Assignment: Please print the data again exactly as given.

Input records:
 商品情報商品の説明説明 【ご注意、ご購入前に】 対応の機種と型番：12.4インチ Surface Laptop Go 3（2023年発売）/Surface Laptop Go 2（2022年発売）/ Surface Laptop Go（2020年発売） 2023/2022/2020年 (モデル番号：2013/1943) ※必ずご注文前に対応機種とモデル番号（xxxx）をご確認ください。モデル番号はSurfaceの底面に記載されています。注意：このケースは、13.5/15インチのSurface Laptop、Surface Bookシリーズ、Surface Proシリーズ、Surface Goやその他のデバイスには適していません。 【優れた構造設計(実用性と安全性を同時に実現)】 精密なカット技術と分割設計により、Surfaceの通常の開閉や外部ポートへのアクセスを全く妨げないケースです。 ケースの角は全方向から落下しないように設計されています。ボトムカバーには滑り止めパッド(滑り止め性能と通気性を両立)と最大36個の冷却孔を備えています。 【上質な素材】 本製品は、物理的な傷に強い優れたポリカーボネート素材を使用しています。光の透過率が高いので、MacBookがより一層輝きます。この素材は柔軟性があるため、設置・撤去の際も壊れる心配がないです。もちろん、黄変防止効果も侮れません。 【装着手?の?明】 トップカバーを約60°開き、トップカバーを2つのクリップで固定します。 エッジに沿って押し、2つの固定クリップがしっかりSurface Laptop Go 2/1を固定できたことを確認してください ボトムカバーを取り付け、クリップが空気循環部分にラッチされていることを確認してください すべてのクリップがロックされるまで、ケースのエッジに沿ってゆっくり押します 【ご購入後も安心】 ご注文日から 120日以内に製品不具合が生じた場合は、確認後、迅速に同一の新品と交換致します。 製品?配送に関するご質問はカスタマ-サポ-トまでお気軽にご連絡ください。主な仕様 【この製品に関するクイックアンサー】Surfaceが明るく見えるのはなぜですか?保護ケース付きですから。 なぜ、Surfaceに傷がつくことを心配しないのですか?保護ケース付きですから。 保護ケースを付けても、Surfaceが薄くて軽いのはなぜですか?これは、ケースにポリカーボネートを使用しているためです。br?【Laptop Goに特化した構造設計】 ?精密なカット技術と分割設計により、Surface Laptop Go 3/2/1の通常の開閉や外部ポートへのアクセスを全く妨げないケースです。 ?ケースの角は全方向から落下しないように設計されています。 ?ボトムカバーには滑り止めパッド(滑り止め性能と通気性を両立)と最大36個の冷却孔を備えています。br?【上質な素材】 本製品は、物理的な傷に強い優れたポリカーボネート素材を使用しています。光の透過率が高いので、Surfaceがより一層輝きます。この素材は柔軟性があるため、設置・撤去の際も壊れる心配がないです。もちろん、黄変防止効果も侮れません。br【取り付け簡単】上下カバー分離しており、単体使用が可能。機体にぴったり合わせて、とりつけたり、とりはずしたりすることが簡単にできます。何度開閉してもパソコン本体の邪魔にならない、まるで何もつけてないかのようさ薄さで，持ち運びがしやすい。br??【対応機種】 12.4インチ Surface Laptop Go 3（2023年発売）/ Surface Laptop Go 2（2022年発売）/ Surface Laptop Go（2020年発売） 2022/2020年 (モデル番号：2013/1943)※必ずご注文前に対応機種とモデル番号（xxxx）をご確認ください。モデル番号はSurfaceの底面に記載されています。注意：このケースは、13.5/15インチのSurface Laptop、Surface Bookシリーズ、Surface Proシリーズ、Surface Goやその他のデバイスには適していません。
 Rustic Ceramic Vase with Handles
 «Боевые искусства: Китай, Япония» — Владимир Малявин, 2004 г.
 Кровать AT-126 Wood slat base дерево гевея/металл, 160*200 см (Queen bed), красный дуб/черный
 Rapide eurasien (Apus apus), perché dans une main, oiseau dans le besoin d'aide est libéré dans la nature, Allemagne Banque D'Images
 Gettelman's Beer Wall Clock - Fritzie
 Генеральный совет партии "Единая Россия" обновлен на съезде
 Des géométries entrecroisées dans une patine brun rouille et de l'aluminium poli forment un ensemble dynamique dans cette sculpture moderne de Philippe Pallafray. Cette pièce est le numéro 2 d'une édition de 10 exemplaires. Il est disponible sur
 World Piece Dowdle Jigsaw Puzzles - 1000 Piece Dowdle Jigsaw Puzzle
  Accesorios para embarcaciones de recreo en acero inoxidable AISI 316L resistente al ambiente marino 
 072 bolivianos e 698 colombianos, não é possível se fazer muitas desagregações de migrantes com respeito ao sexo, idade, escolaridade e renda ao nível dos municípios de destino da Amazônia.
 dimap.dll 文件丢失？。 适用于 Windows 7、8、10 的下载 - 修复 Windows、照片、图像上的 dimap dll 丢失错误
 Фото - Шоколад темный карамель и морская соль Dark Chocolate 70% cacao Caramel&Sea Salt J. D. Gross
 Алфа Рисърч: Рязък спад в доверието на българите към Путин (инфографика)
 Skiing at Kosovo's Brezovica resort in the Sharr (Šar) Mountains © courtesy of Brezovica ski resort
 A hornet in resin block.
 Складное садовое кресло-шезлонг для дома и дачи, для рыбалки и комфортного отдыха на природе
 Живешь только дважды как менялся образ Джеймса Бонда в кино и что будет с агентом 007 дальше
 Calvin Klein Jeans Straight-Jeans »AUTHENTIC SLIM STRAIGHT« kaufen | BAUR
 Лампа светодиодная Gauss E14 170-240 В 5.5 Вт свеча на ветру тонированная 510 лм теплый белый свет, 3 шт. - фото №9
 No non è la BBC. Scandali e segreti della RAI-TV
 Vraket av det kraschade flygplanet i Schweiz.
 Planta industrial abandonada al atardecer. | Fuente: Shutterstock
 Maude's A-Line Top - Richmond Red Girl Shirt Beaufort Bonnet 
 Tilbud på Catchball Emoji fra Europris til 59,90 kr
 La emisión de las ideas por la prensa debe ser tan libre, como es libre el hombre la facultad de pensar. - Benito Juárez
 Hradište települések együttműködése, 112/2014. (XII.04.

Solution:
 商品情報商品の説明説明 【ご注意、ご購入前に】 対応の機種と型番：12.4インチ Surface Laptop Go 3（2023年発売）/Surface Laptop Go 2（2022年発売）/ Surface Laptop Go（2020年発売） 2023/2022/2020年 (モデル番号：2013/1943) ※必ずご注文前に対応機種とモデル番号（xxxx）をご確認ください。モデル番号はSurfaceの底面に記載されています。注意：このケースは、13.5/15インチのSurface Laptop、Surface Bookシリーズ、Surface Proシリーズ、Surface Goやその他のデバイスには適していません。 【優れた構造設計(実用性と安全性を同時に実現)】 精密なカット技術と分割設計により、Surfaceの通常の開閉や外部ポートへのアクセスを全く妨げないケースです。 ケースの角は全方向から落下しないように設計されています。ボトムカバーには滑り止めパッド(滑り止め性能と通気性を両立)と最大36個の冷却孔を備えています。 【上質な素材】 本製品は、物理的な傷に強い優れたポリカーボネート素材を使用しています。光の透過率が高いので、MacBookがより一層輝きます。この素材は柔軟性があるため、設置・撤去の際も壊れる心配がないです。もちろん、黄変防止効果も侮れません。 【装着手?の?明】 トップカバーを約60°開き、トップカバーを2つのクリップで固定します。 エッジに沿って押し、2つの固定クリップがしっかりSurface Laptop Go 2/1を固定できたことを確認してください ボトムカバーを取り付け、クリップが空気循環部分にラッチされていることを確認してください すべてのクリップがロックされるまで、ケースのエッジに沿ってゆっくり押します 【ご購入後も安心】 ご注文日から 120日以内に製品不具合が生じた場合は、確認後、迅速に同一の新品と交換致します。 製品?配送に関するご質問はカスタマ-サポ-トまでお気軽にご連絡ください。主な仕様 【この製品に関するクイックアンサー】Surfaceが明るく見えるのはなぜですか?保護ケース付きですから。 なぜ、Surfaceに傷がつくことを心配しないのですか?保護ケース付きですから。 保護ケースを付けても、Surfaceが薄くて軽いのはなぜですか?これは、ケースにポリカーボネートを使用しているためです。br?【Laptop Goに特化した構造設計】 ?精密なカット技術と分割設計により、Surface Laptop Go 3/2/1の通常の開閉や外部ポートへのアクセスを全く妨げないケースです。 ?ケースの角は全方向から落下しないように設計されています。 ?ボトムカバーには滑り止めパッド(滑り止め性能と通気性を両立)と最大36個の冷却孔を備えています。br?【上質な素材】 本製品は、物理的な傷に強い優れたポリカーボネート素材を使用しています。光の透過率が高いので、Surfaceがより一層輝きます。この素材は柔軟性があるため、設置・撤去の際も壊れる心配がないです。もちろん、黄変防止効果も侮れません。br【取り付け簡単】上下カバー分離しており、単体使用が可能。機体にぴったり合わせて、とりつけたり、とりはずしたりすることが簡単にできます。何度開閉してもパソコン本体の邪魔にならない、まるで何もつけてないかのようさ薄さで，持ち運びがしやすい。br??【対応機種】 12.4インチ Surface Laptop Go 3（2023年発売）/ Surface Laptop Go 2（2022年発売）/ Surface Laptop Go（2020年発売） 2022/2020年 (モデル番号：2013/1943)※必ずご注文前に対応機種とモデル番号（xxxx）をご確認ください。モデル番号はSurfaceの底面に記載されています。注意：このケースは、13.5/15インチのSurface Laptop、Surface Bookシリーズ、Surface Proシリーズ、Surface Goやその他のデバイスには適していません。
 Rustic Ceramic Vase with Handles
 «Боевые искусства: Китай, Япония» — Владимир Малявин, 2004 г.
 Кровать AT-126 Wood slat base дерево гевея/металл, 160*200 см (Queen bed), красный дуб/черный
 Rapide eurasien (Apus apus), perché dans une main, oiseau dans le besoin d'aide est libéré dans la nature, Allemagne Banque D'Images
 Gettelman's Beer Wall Clock - Fritzie
 Генеральный совет партии "Единая Россия" обновлен на съезде
 Des géométries entrecroisées dans une patine brun rouille et de l'aluminium poli forment un ensemble dynamique dans cette sculpture moderne de Philippe Pallafray. Cette pièce est le numéro 2 d'une édition de 10 exemplaires. Il est disponible sur
 World Piece Dowdle Jigsaw Puzzles - 1000 Piece Dowdle Jigsaw Puzzle
  Accesorios para embarcaciones de recreo en acero inoxidable AISI 316L resistente al ambiente marino 
 072 bolivianos e 698 colombianos, não é possível se fazer muitas desagregações de migrantes com respeito ao sexo, idade, escolaridade e renda ao nível dos municípios de destino da Amazônia.
 dimap.dll 文件丢失？。 适用于 Windows 7、8、10 的下载 - 修复 Windows、照片、图像上的 dimap dll 丢失错误
 Фото - Шоколад темный карамель и морская соль Dark Chocolate 70% cacao Caramel&Sea Salt J. D. Gross
 Алфа Рисърч: Рязък спад в доверието на българите към Путин (инфографика)
 Skiing at Kosovo's Brezovica resort in the Sharr (Šar) Mountains © courtesy of Brezovica ski resort
 A hornet in resin block.
 Складное садовое кресло-шезлонг для дома и дачи, для рыбалки и комфортного отдыха на природе
 Живешь только дважды как менялся образ Джеймса Бонда в кино и что будет с агентом 007 дальше
 Calvin Klein Jeans Straight-Jeans »AUTHENTIC SLIM STRAIGHT« kaufen | BAUR
 Лампа светодиодная Gauss E14 170-240 В 5.5 Вт свеча на ветру тонированная 510 лм теплый белый свет, 3 шт. - фото №9
 No non è la BBC. Scandali e segreti della RAI-TV
 Vraket av det kraschade flygplanet i Schweiz.
 Planta industrial abandonada al atardecer. | Fuente: Shutterstock
 Maude's A-Line Top - Richmond Red Girl Shirt Beaufort Bonnet 
 Tilbud på Catchball Emoji fra Europris til 59,90 kr
 La emisión de las ideas por la prensa debe ser tan libre, como es libre el hombre la facultad de pensar. - Benito Juárez
 Hradište települések együttműködése, 112/2014. (XII.04.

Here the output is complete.